The path is the same across organisations; the time spent at each stage varies. Most organisations have not started stage one. The few that have completed stage five operate a categorical surface that does not appear in the retros because it has stopped producing failures the retros need to capture.
VII. What this target state is not.
Three clarifications, each developed at length in the library and the foundational documents.
The target state is not Master Data Management. MDM governs the entity, which record is the authoritative customer, product, supplier, and resolves duplicates. The target state described here governs the categorical attributes on the entity record: which industry classification the customer carries, which category the product belongs to. The two disciplines are complementary, and most organisations will need both.
The target state is not Data Quality monitoring. DQ tools detect structural problems in data (nulls, type mismatches, range violations) and surface them to the team that maintains the pipeline. The target state described here governs the values themselves, including semantic equivalence problems that no string-comparison rule can resolve. DQ catches the symptoms; dimension management governs the underlying surface.
The target state is not a data catalog. Catalogs organise metadata about data assets and help practitioners find what they need. The target state described here is the source of truth that the catalog points at when it describes the valid values for a dimensional field. A well-maintained catalog without a canonical reference tells you what exists; it does not govern it.
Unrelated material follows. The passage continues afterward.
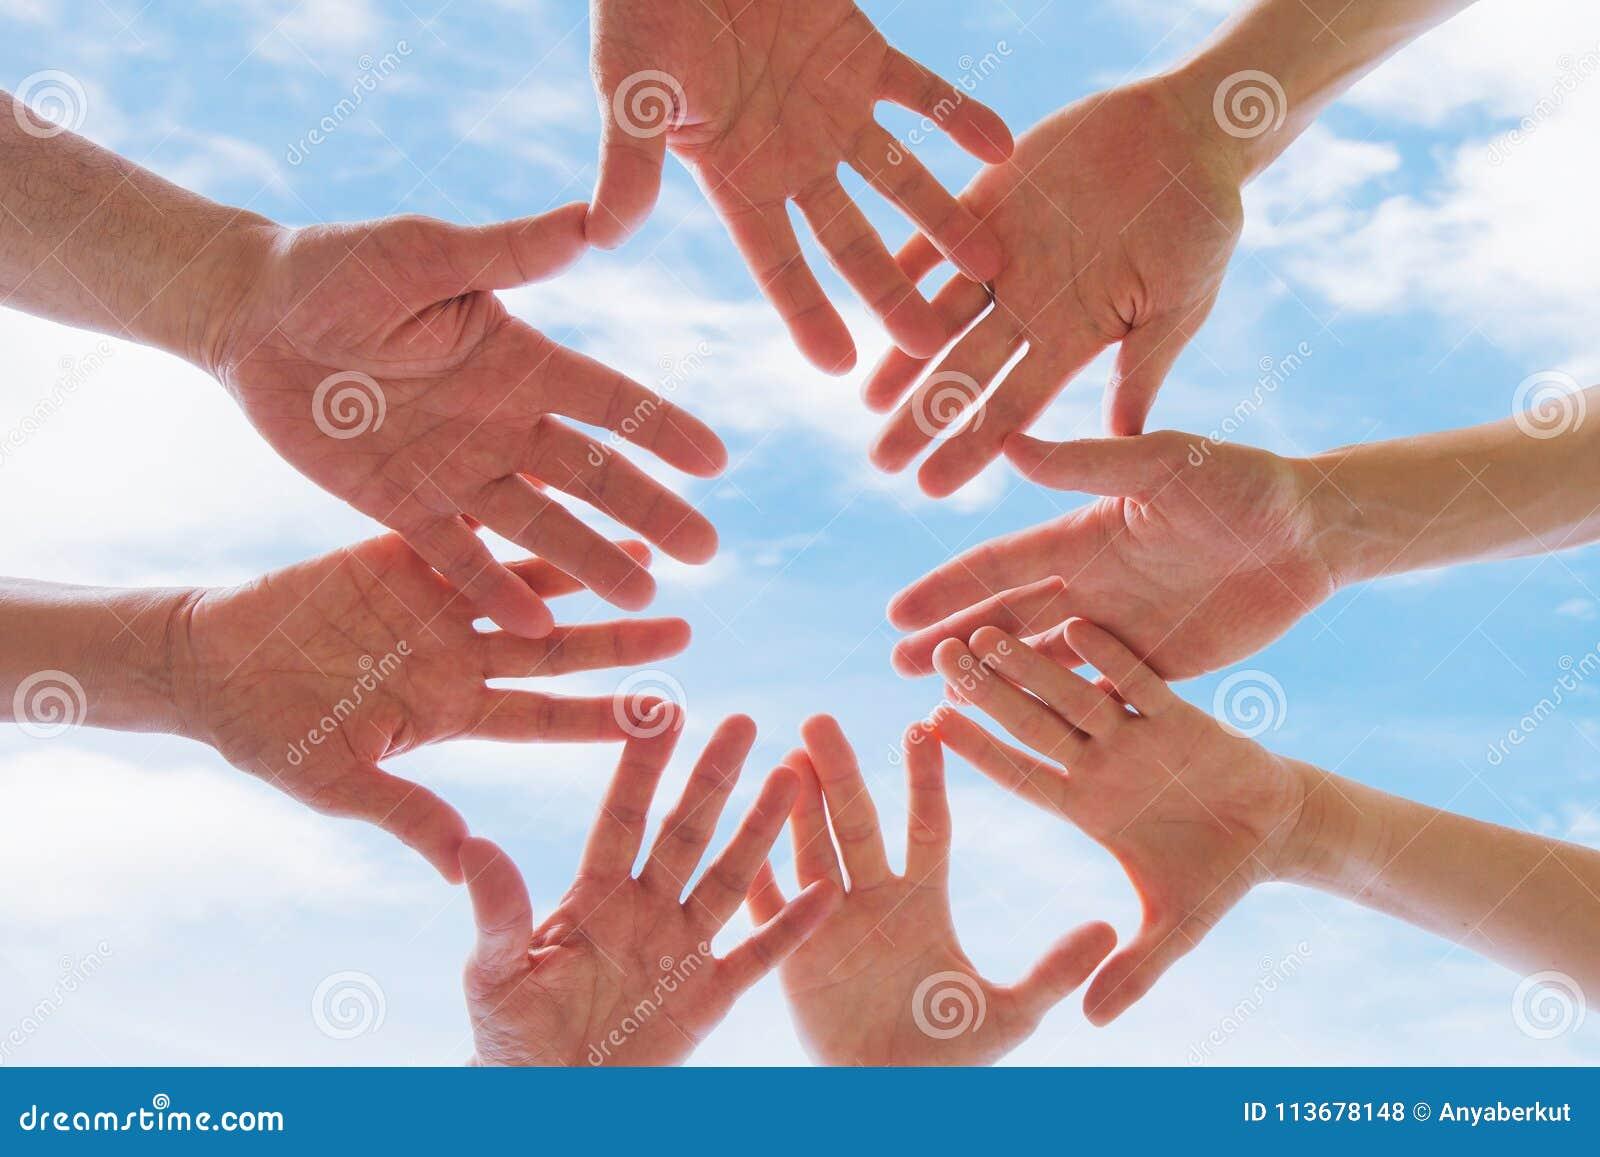 Team of broederschapconcept, groep mensen die handen samenbrengen

The longer arguments for each of these distinctions are in Why Dimensional Data Outlives Every Tool. The point in the target state is to be specific about what is being specified and what is being left to adjacent disciplines.
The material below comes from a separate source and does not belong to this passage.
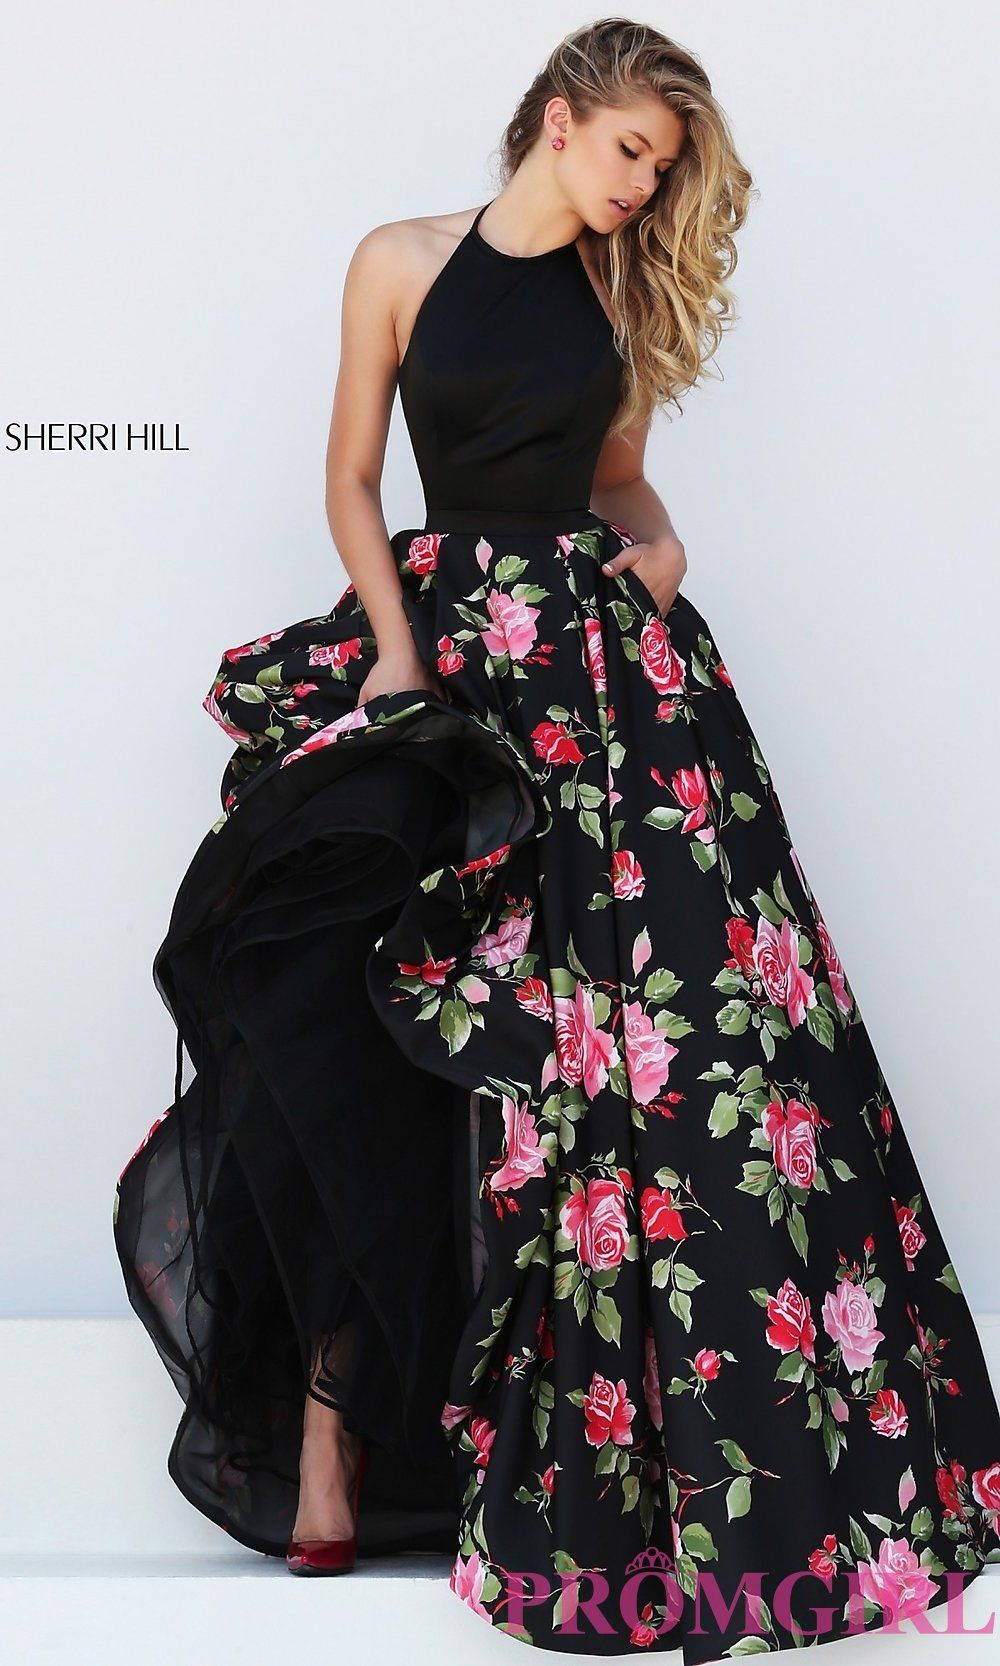 Image of floor length halter top floral print dress detail image

VIII. How to use this document.
The target state is the reference document for the discipline. It is meant to be cited in design reviews, referred to in tender responses, and used as the specification that an implementation can be evaluated against. The companion documents extend it in different directions.
The manifesto makes the case for the discipline. The primer establishes the underlying class of data. The four-layer taxonomy catalogues the specific failure modes the target state is a response to. Trace the Chain walks the taxonomy interactively, which is useful for organisations diagnosing where they are in the maturity path.
The product CleanDims is building is the implementation of the target state described here. The discipline, however, is not the product. Organisations can implement this specification with the product, with another vendor, with internal tooling, or with some combination.